Your task is to retype, exactly, the line containing "Cráneo Hiperrealista de" and every later line through the end of the listing, with pictures omitted.

__Data below__
============

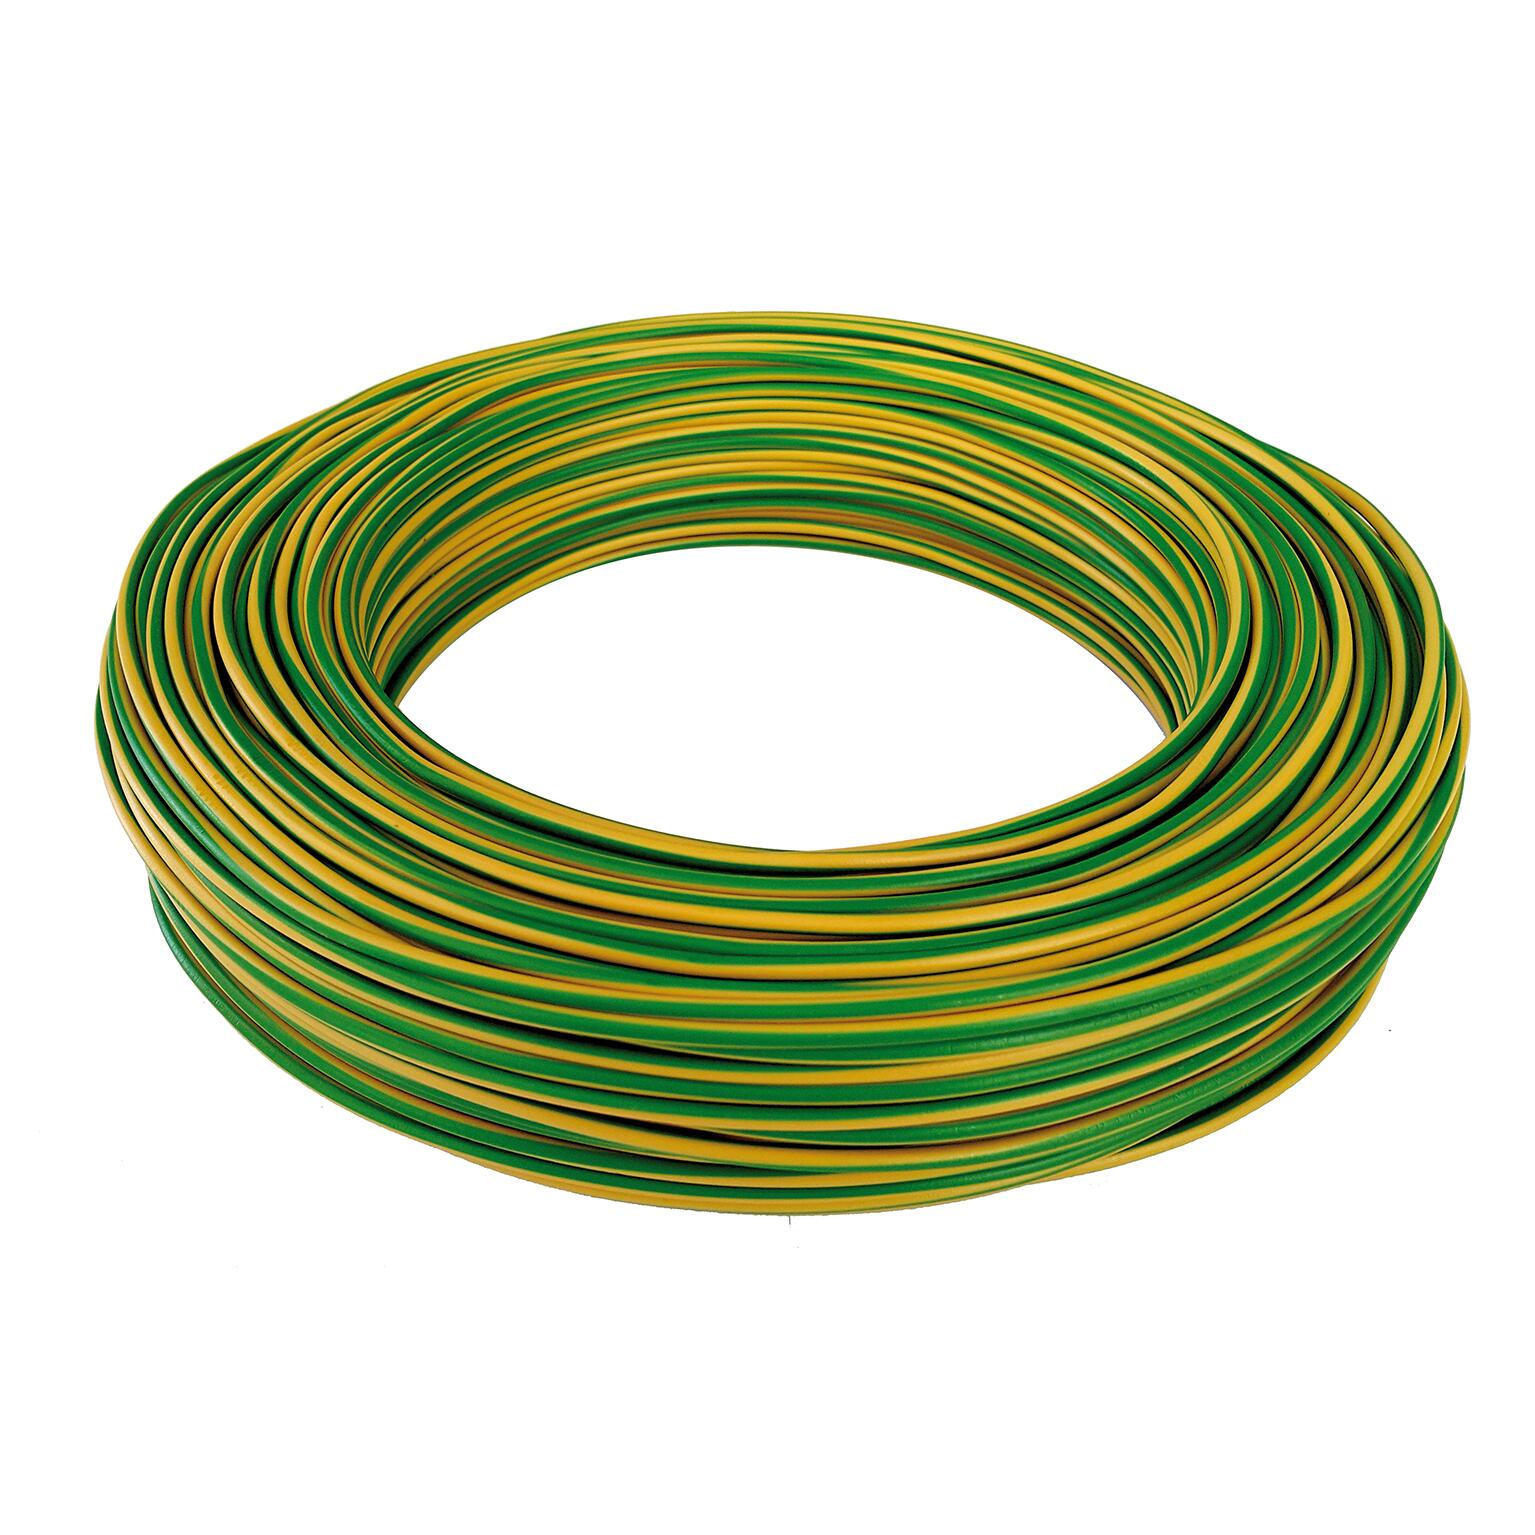 Cavo elettrico giallo/verde FS17 1 x 2,5 mm² 100 m BALDASSARI CAVI Matassa - 1
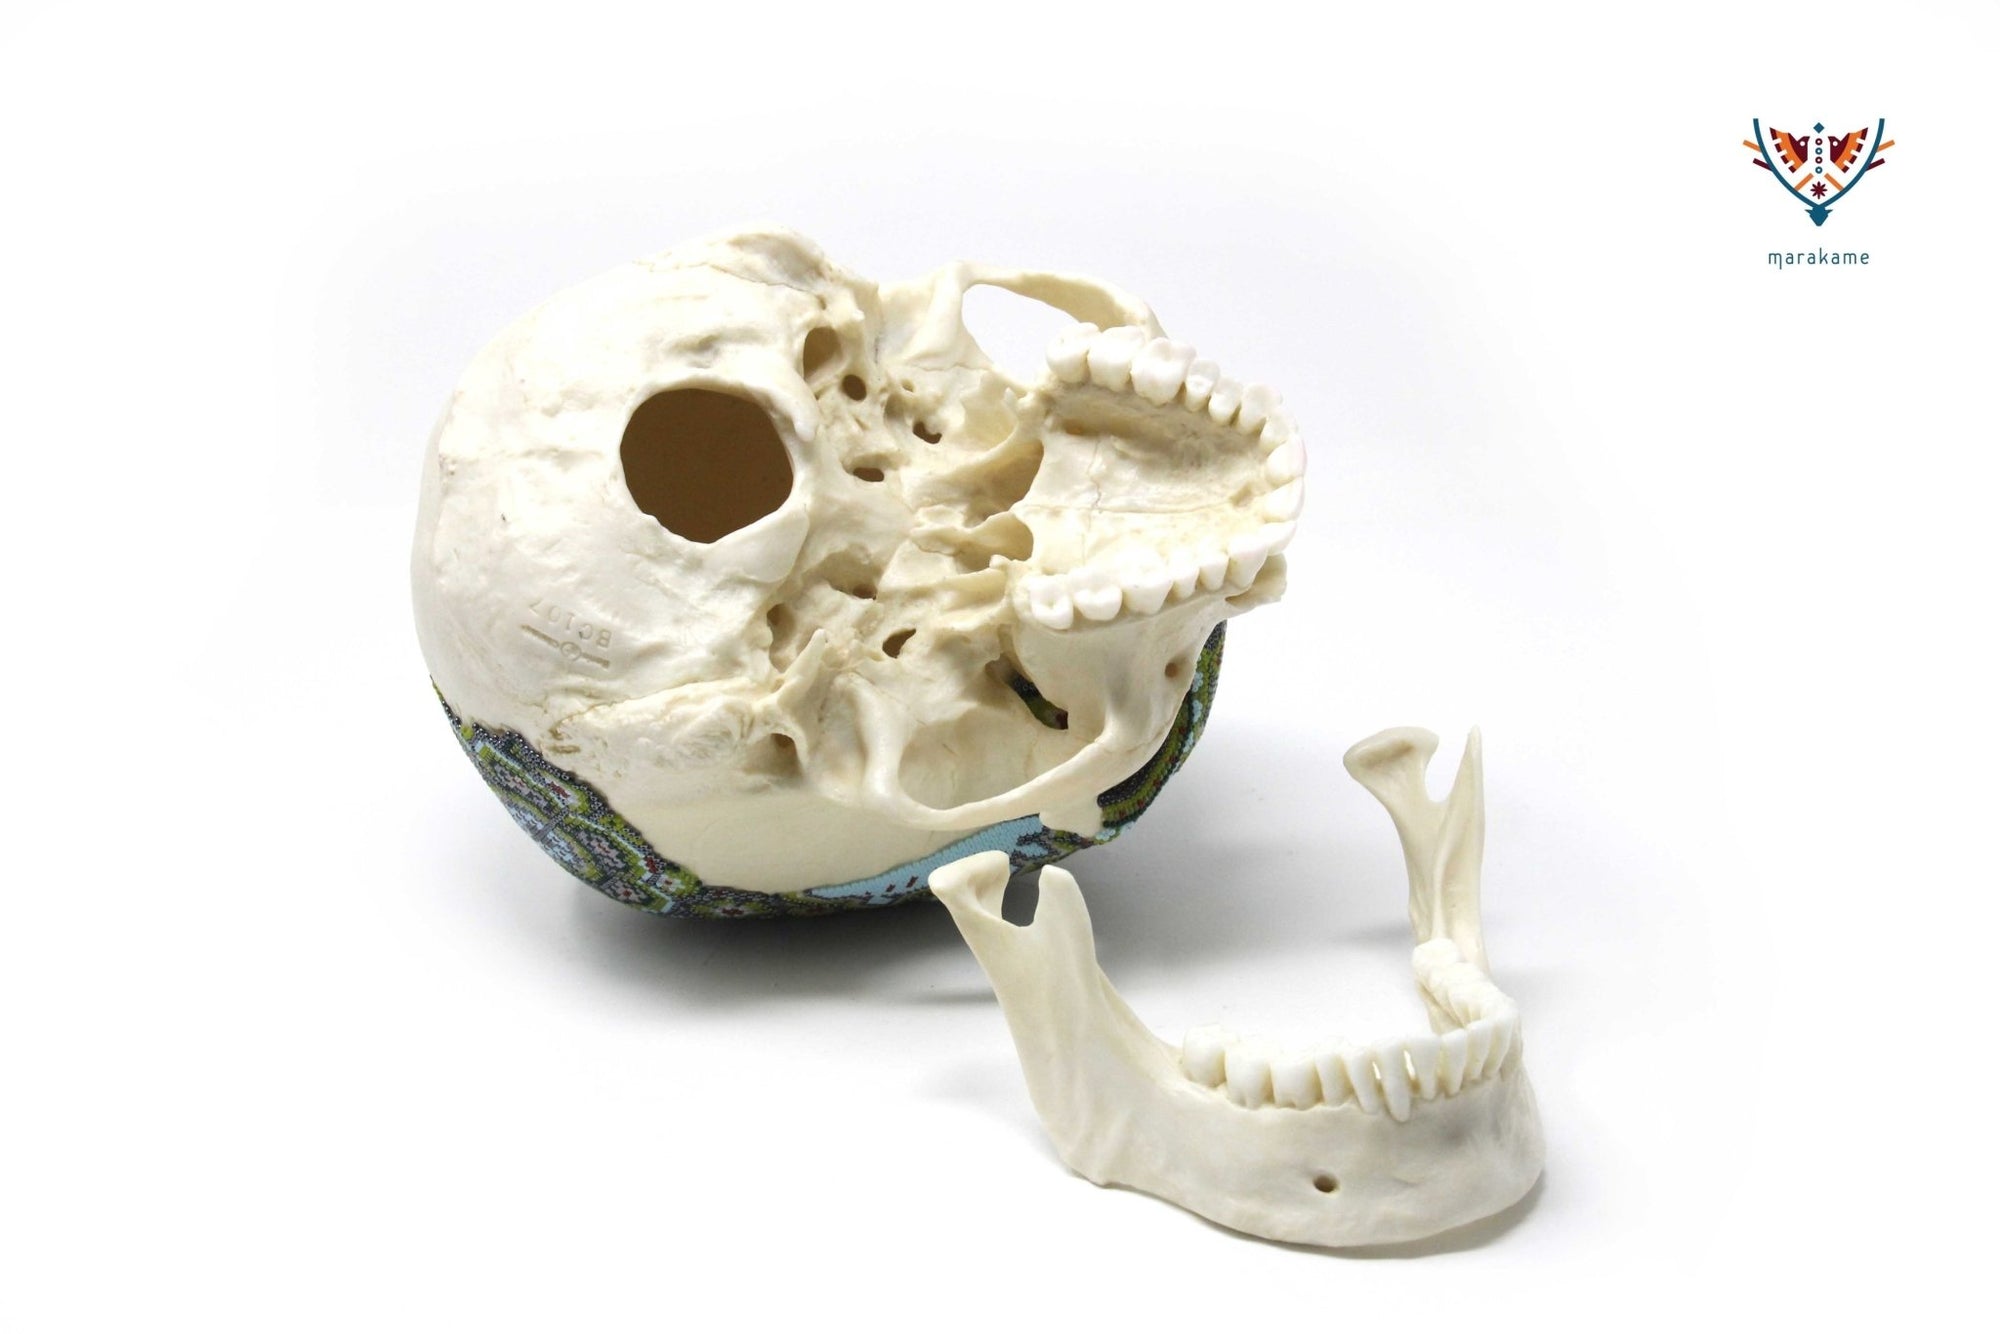 Cráneo Hiperrealista de Humano escala real "Hauxamanaka" - Arte Huichol - Marakame
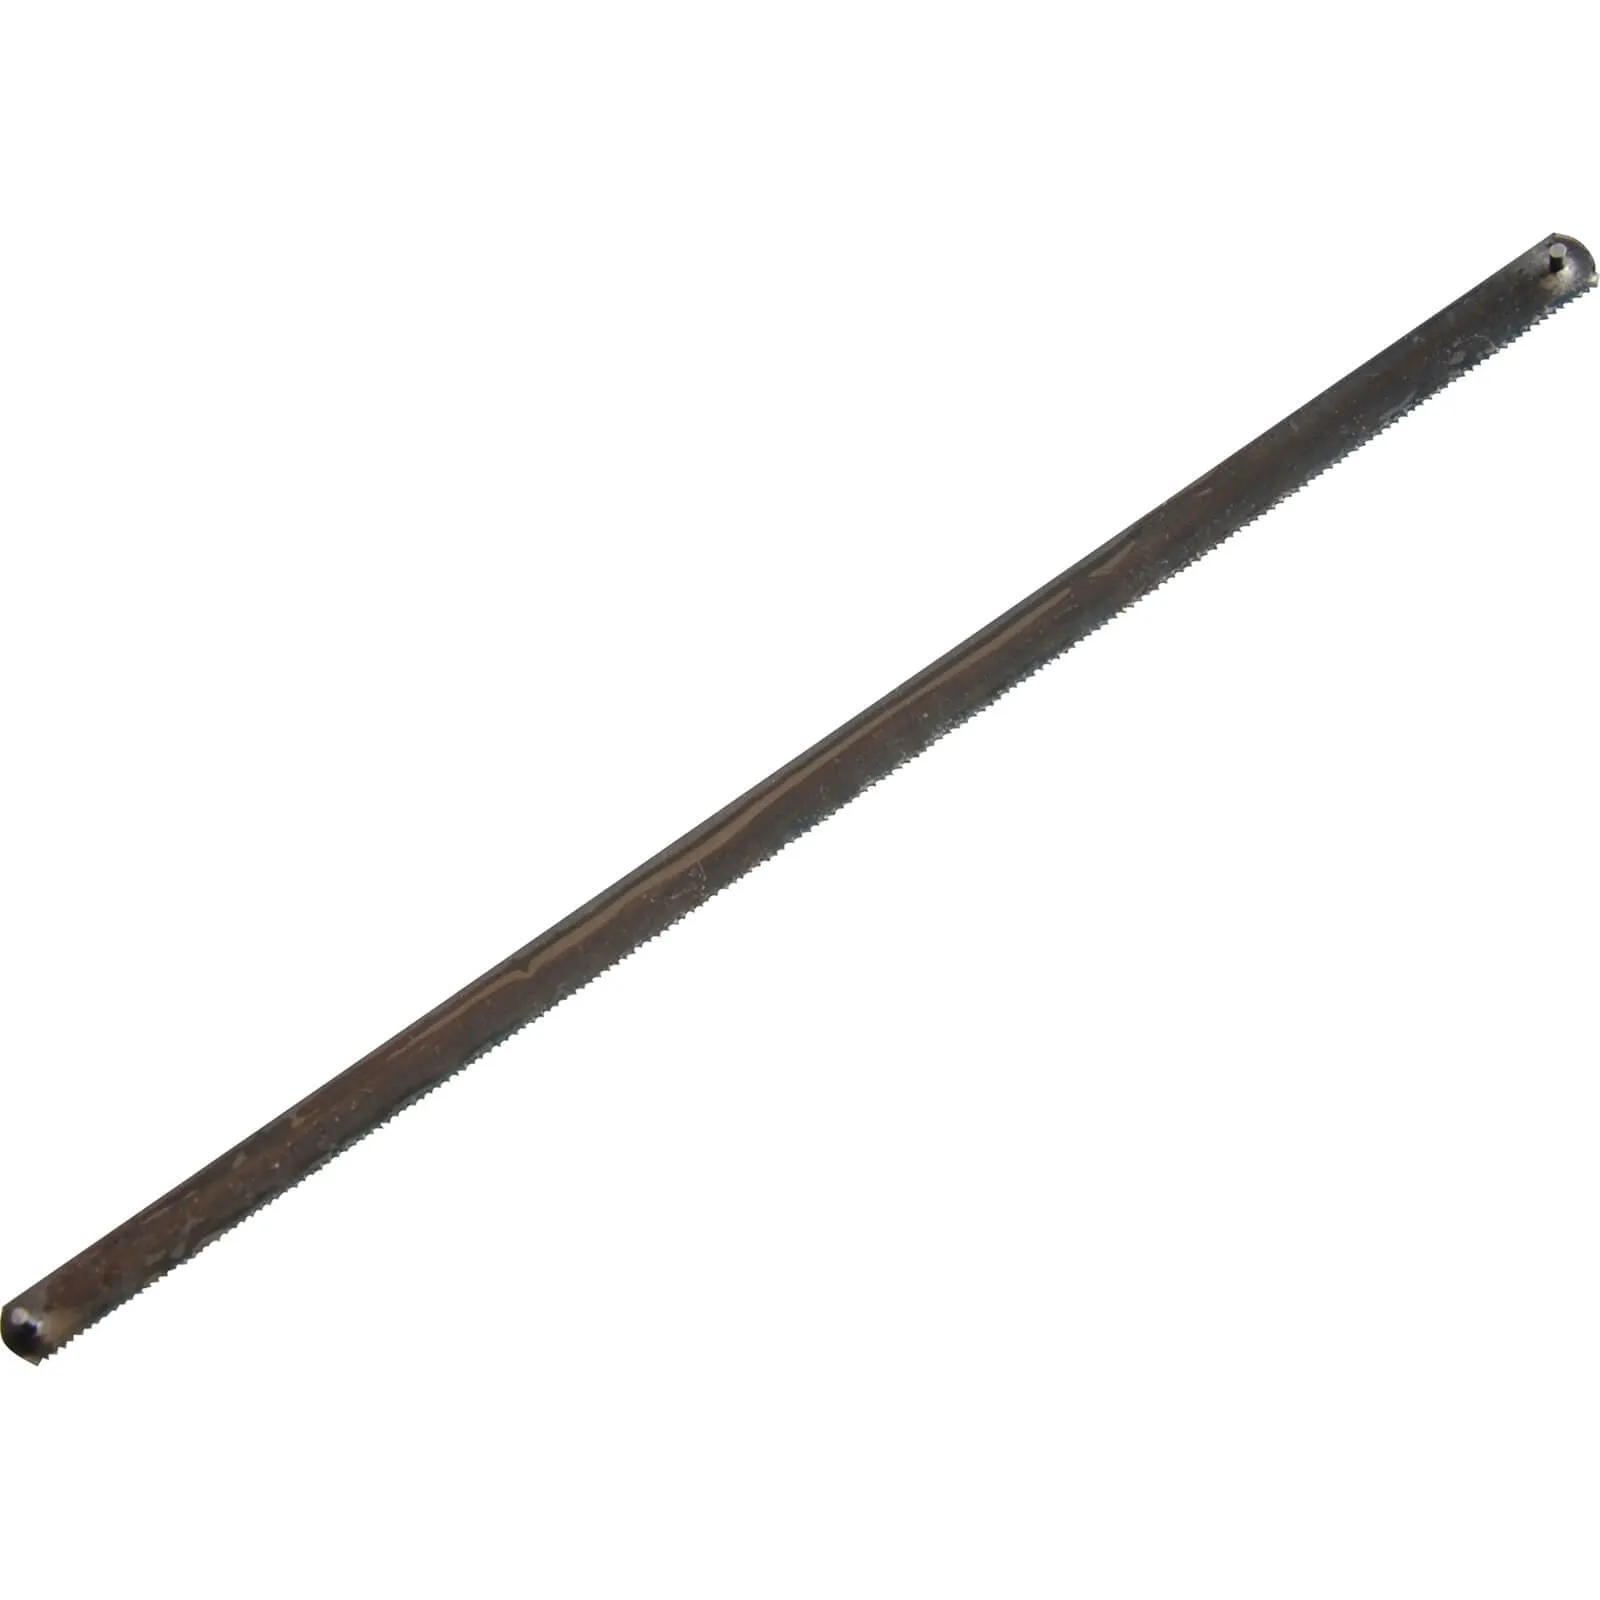 Monument Junior Hacksaw Blades - 6" / 150mm, 32tpi, Pack of 10

============

__Written answer__
 Cráneo Hiperrealista de Humano escala real "Hauxamanaka" - Arte Huichol - Marakame
 Monument Junior Hacksaw Blades - 6" / 150mm, 32tpi, Pack of 10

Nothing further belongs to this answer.